Search methods: We searched the Cochrane Hepato-Biliary Group Controlled Trials Register, the Cochrane Hepato-Biliary Group Diagnostic Test of Accuracy Studies Register, the Cochrane Library, MEDLINE, Embase, and three other databases to 9 November 2021. We manually searched articles retrieved, contacted experts, handsearched abstract books from meetings held during the last 10 years, and searched for literature in OpenGrey (9 November 2021). Further information was requested by e-mails, but no additional information was provided. No data was obtained through correspondence with investigators. We applied no language or document-type restrictions.

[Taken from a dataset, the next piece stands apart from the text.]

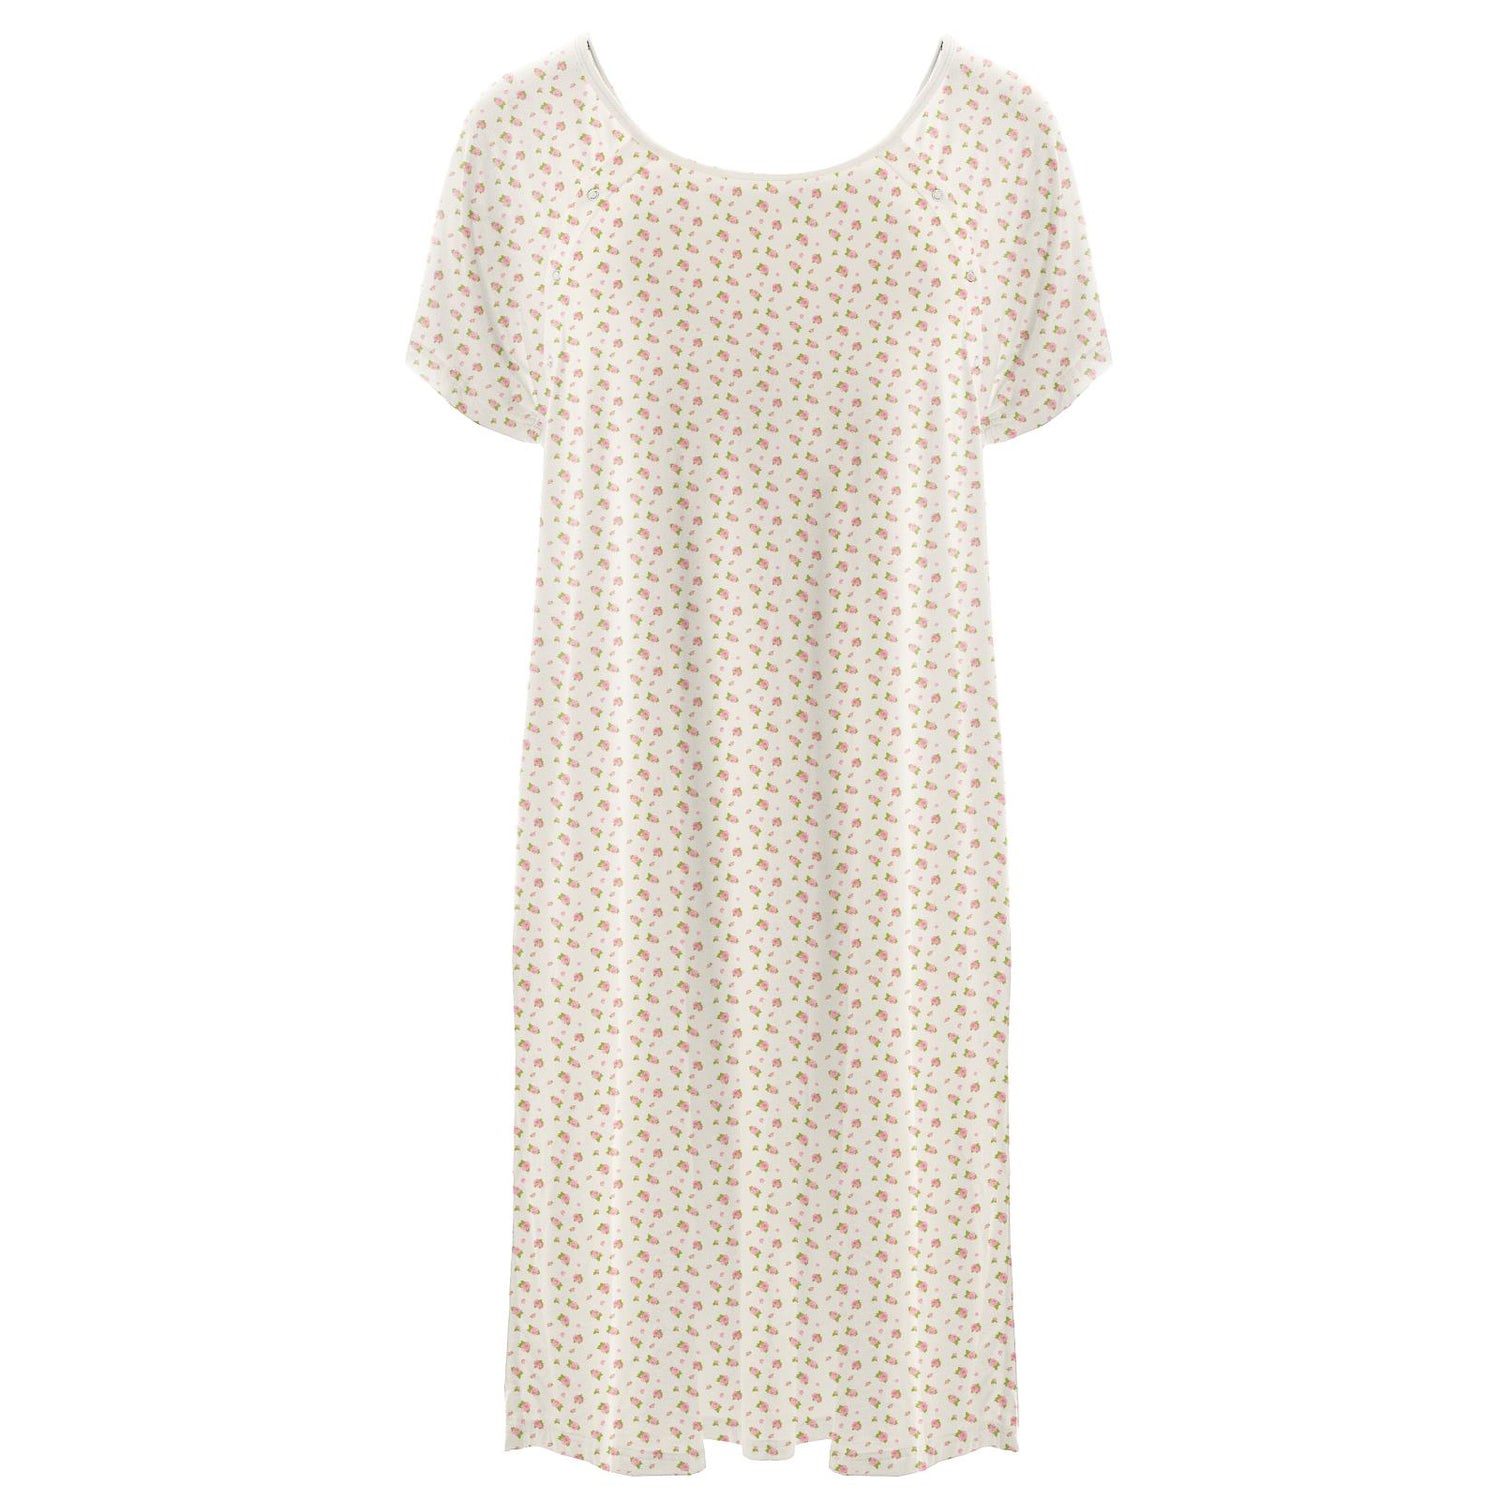 Women's Print Hospital Gown in Natural Buds
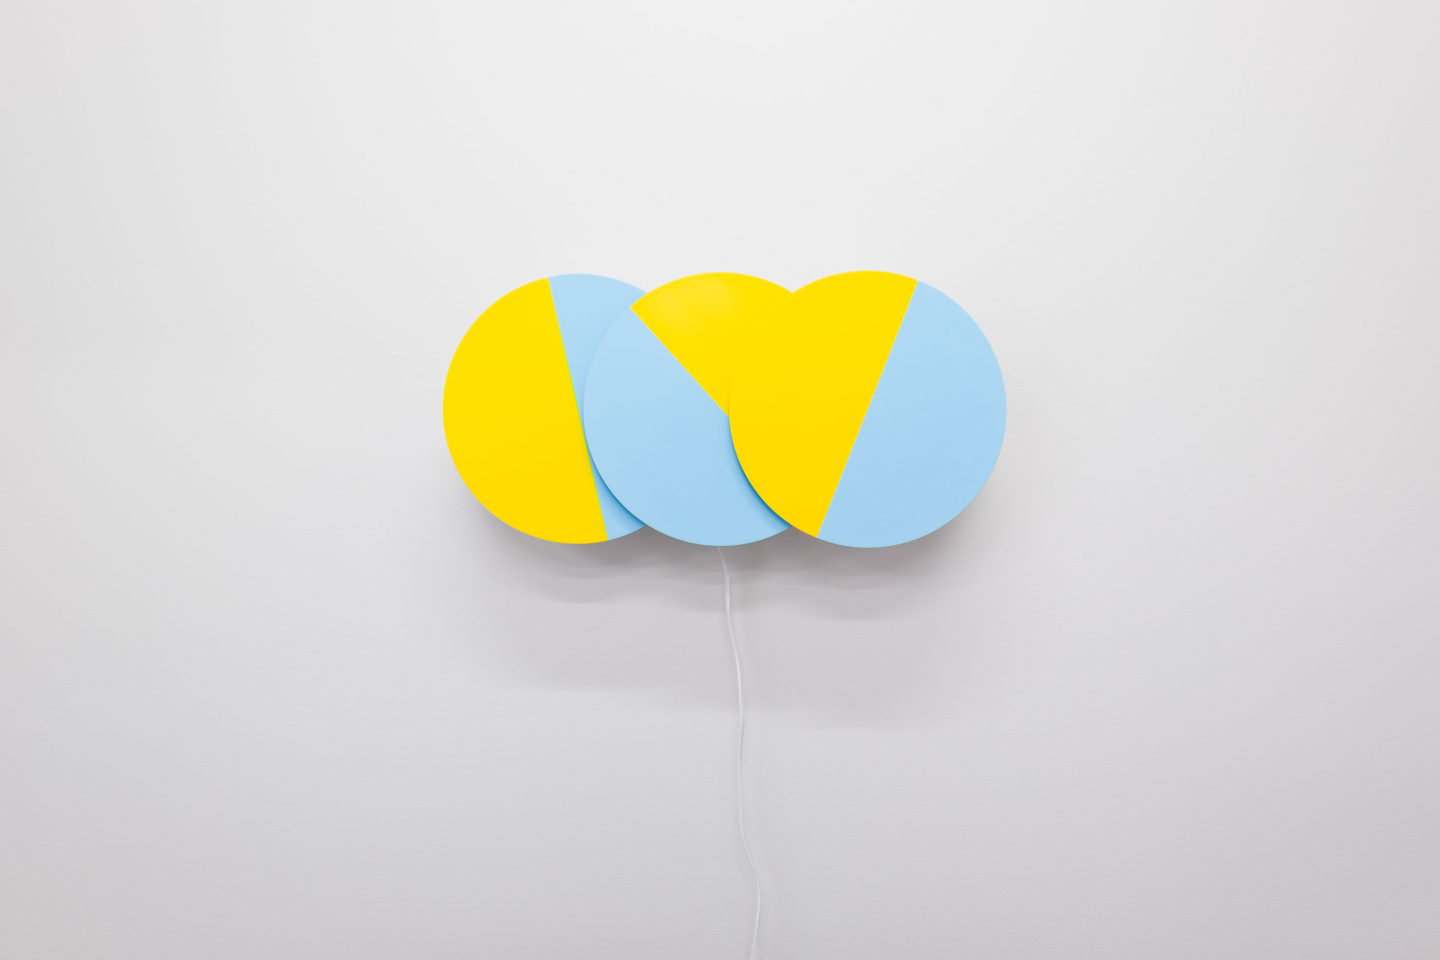 P!, karel_martens_DSF5814_low_res Karel Martens, Three Times (in Blue and Yellow), 2016

Selection criteria: Studies assessing the diagnostic accuracy of MRI for the diagnosis of hepatocellular carcinoma in adults with chronic liver disease, with cross-sectional designs, using one of the acceptable reference standards, such as pathology of the explanted liver and histology of resected or biopsied focal liver lesion with at least a six-month follow-up.

Data collection and analysis: At least two review authors independently screened studies, extracted data, and assessed the risk of bias and applicability concerns, using the QUADAS-2 checklist. We presented the results of sensitivity and specificity, using paired forest plots, and we tabulated the results. We used a hierarchical meta-analysis model where appropriate. We presented uncertainty of the accuracy estimates using 95% confidence intervals (CIs). We double-checked all data extractions and analyses.

Main results: We included 34 studies, with 4841 participants. We judged all studies to be at high risk of bias in at least one domain because most studies used different reference standards, often inappropriate to exclude the presence of the target condition, and the time interval between the index test and the reference standard was rarely defined. Regarding applicability, we judged 15% (5/34) of studies to be at low concern and 85% (29/34) of studies to be at high concern mostly owing to characteristics of the participants, most of whom were on waiting lists for orthotopic liver transplantation, and due to pathology of the explanted liver being the only reference standard. MRI for hepatocellular carcinoma of any size and stage: sensitivity 84.4% (95% CI 80.1% to 87.9%) and specificity 93.8% (95% CI 90.1% to 96.1%) (34 studies, 4841 participants; low-certainty evidence). MRI for resectable hepatocellular carcinoma: sensitivity 84.3% (95% CI 77.6% to 89.3%) and specificity 92.9% (95% CI 88.3% to 95.9%) (16 studies, 2150 participants; low-certainty evidence). The observed heterogeneity in the results remains mostly unexplained. The sensitivity analyses, which included only studies with clearly prespecified positivity criteria and only studies in which the reference standard results were interpreted without knowledge of the results of the index test, showed no variation in the results.

Authors' conclusions: We found that using MRI as a second-line imaging modality to diagnose hepatocellular carcinoma of any size and stage, 16% of people with hepatocellular carcinoma would be missed, and 6% of people without hepatocellular carcinoma would be unnecessarily treated. For resectable hepatocellular carcinoma, we found that 16% of people with resectable hepatocellular carcinoma would improperly not be resected, while 7% of people without hepatocellular carcinoma would undergo inappropriate surgery. The uncertainty resulting from the high risk of bias in the included studies and concerns regarding their applicability limit our ability to confidently draw conclusions based on our results.